Exercise instructions: From the first line to the last, retype everything below exactly, minus the pictures.

Data extract:
● ● ● ● ● ● ●

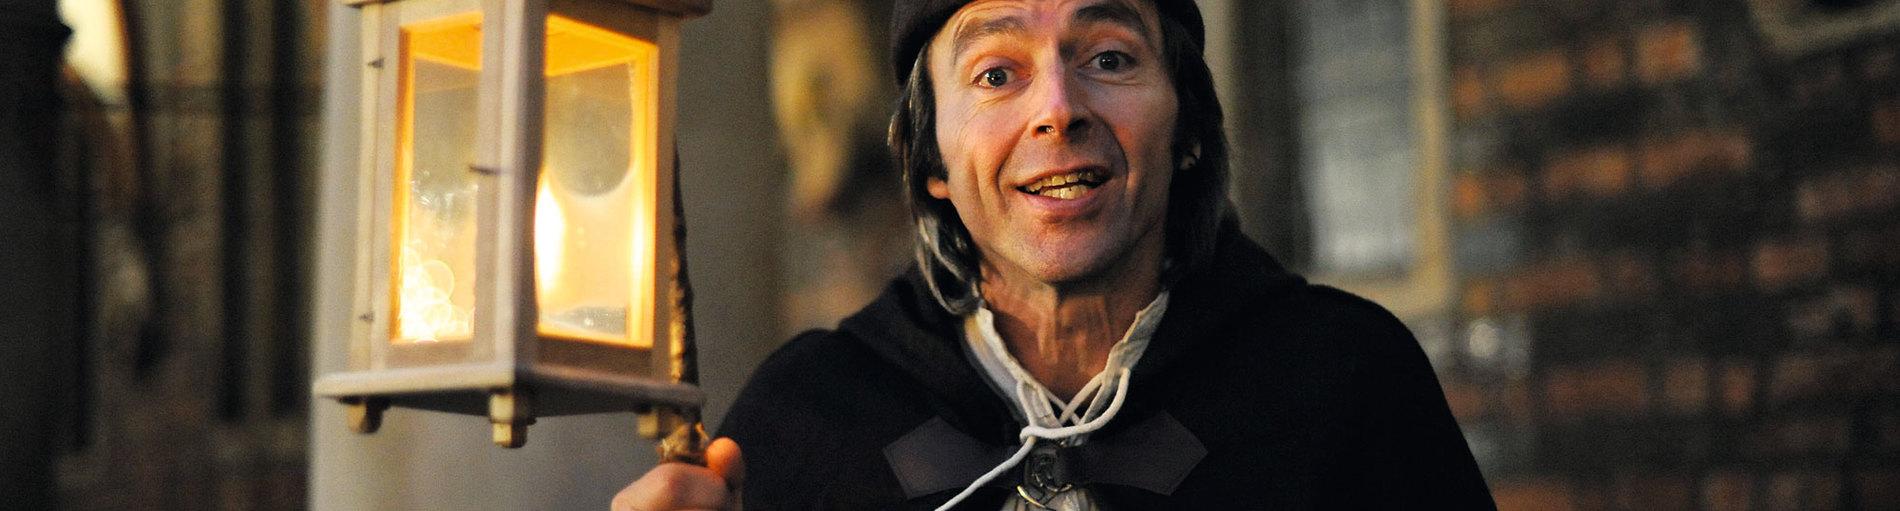 Ein als Nachtwächter verkleideter Schauspieler.
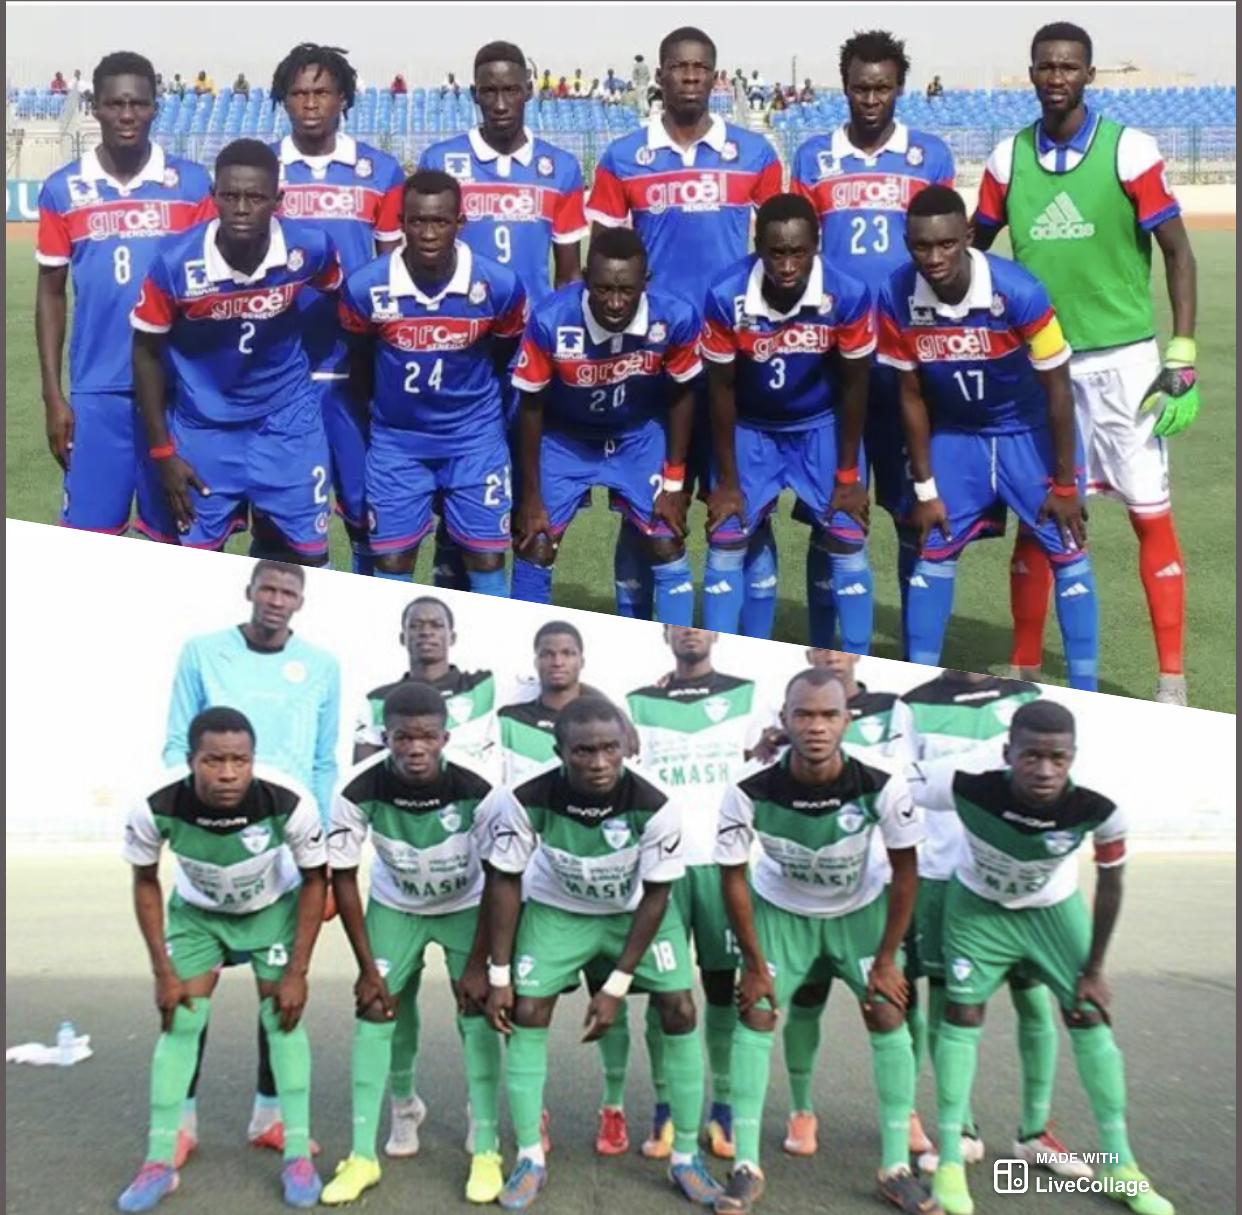 5ème journée Ligue 1 : Le CNEPS Excellence et Niary Tally se neutralisent (0-0)
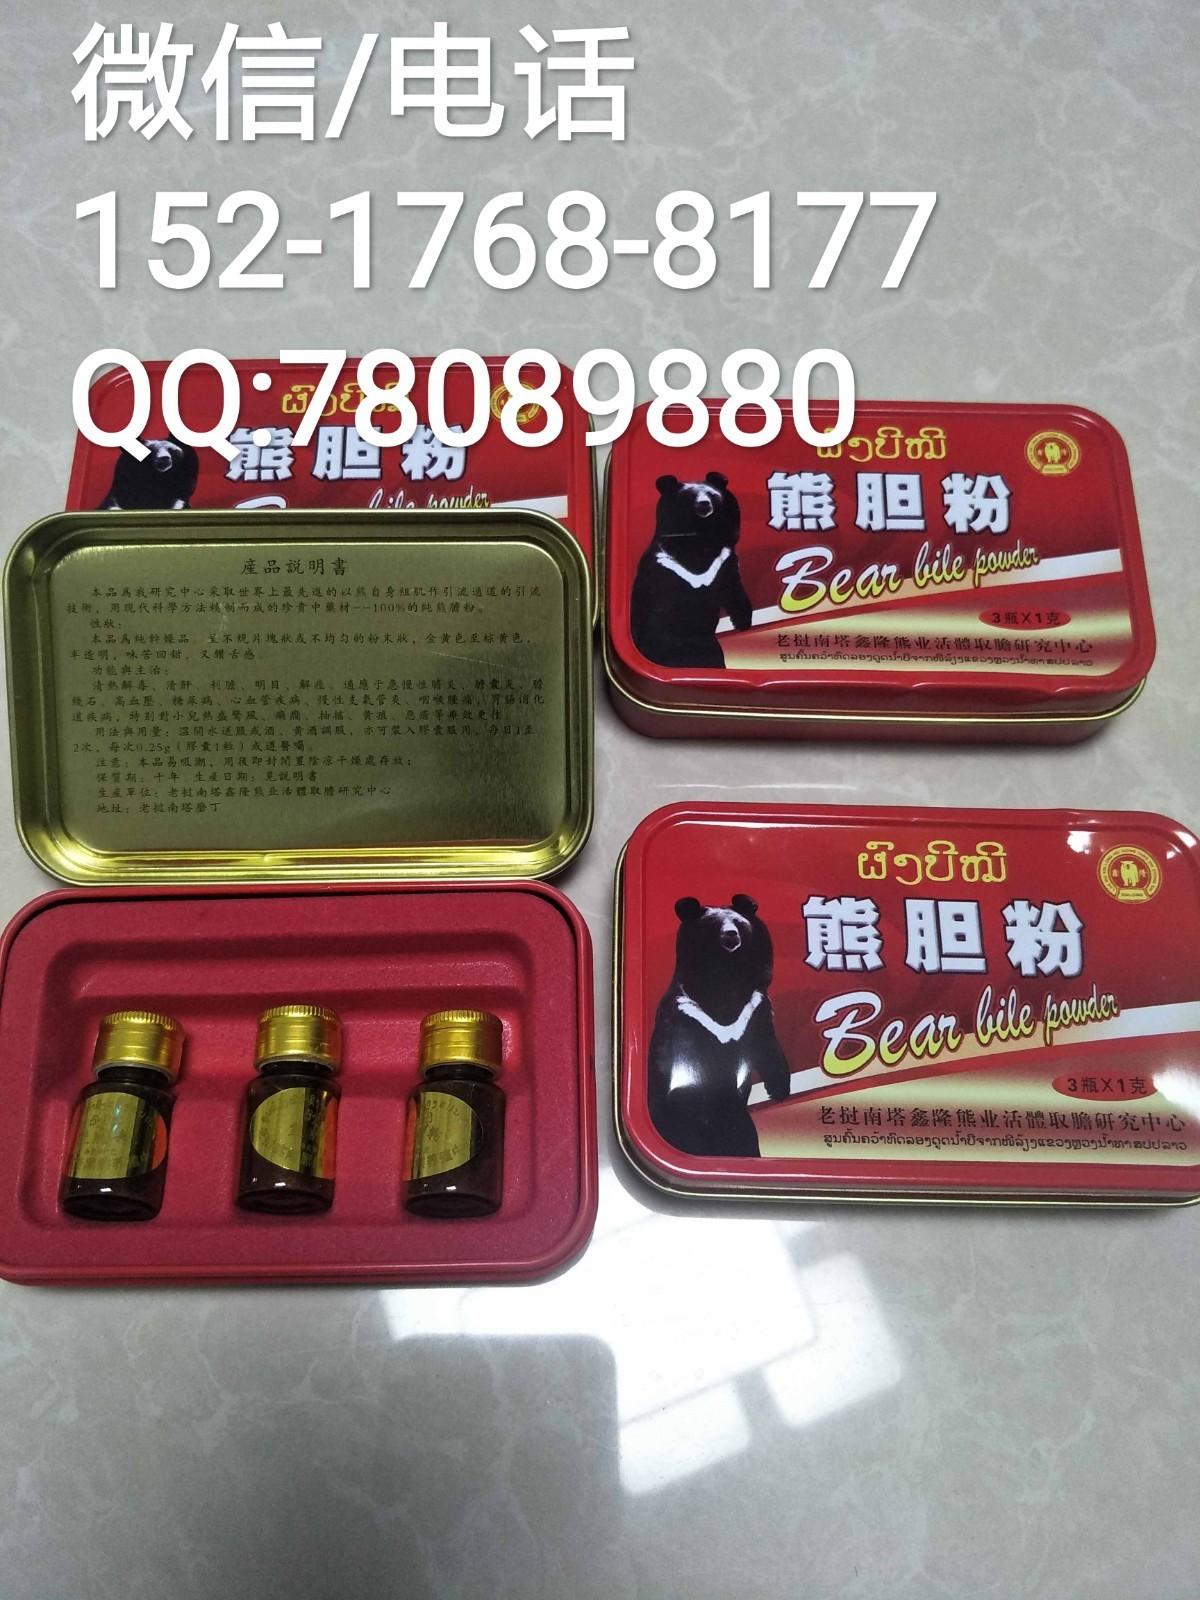 老挝天然熊胆粉价格多少钱一盒

● ● ● ● ● ● ●

Answer to the problem:
 Ein als Nachtwächter verkleideter Schauspieler.
 5ème journée Ligue 1 : Le CNEPS Excellence et Niary Tally se neutralisent (0-0)
 老挝天然熊胆粉价格多少钱一盒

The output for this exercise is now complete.